*What the exercise asks*. Look for the string "Stock" in the listing. Copy each line that has it.

*Given records*.
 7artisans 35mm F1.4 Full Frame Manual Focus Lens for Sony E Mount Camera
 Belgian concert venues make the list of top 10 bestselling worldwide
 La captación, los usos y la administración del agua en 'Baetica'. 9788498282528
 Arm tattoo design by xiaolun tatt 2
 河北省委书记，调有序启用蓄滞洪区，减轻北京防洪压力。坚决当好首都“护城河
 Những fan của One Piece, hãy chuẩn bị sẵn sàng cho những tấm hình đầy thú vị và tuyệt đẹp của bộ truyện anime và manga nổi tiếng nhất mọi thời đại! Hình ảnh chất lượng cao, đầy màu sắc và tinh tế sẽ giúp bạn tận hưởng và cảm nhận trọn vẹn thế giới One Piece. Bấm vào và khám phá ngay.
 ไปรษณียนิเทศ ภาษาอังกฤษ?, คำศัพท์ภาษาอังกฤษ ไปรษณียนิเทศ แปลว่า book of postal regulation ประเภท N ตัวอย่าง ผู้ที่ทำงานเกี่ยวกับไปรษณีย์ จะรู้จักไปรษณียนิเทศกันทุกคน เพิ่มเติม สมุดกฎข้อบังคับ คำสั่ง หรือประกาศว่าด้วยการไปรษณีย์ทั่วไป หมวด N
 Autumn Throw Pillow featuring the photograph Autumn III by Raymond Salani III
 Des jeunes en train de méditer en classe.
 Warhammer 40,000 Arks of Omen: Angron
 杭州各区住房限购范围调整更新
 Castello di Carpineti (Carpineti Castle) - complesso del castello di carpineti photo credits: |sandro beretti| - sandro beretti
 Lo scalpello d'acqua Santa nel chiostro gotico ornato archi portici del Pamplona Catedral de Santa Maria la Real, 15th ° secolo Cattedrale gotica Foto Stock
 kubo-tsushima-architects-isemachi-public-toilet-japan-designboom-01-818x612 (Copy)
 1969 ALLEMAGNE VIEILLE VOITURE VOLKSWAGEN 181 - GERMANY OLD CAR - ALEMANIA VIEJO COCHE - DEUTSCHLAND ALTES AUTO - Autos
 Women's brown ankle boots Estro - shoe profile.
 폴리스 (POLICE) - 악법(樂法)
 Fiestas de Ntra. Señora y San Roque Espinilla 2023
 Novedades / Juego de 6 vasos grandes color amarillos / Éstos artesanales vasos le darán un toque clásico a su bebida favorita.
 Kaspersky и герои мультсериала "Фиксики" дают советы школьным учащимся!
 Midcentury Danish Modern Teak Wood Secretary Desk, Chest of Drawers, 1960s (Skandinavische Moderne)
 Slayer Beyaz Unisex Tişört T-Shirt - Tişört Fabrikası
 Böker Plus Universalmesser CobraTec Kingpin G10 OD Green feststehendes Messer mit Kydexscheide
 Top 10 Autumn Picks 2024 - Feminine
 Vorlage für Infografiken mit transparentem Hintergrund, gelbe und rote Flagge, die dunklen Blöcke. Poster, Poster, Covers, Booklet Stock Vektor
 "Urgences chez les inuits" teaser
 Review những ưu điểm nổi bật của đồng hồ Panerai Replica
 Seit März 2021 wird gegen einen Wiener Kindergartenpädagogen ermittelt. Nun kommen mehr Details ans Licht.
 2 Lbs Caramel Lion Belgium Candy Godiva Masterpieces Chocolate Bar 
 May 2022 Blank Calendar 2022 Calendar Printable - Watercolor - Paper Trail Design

*Task result*.
 Lo scalpello d'acqua Santa nel chiostro gotico ornato archi portici del Pamplona Catedral de Santa Maria la Real, 15th ° secolo Cattedrale gotica Foto Stock
 Vorlage für Infografiken mit transparentem Hintergrund, gelbe und rote Flagge, die dunklen Blöcke. Poster, Poster, Covers, Booklet Stock Vektor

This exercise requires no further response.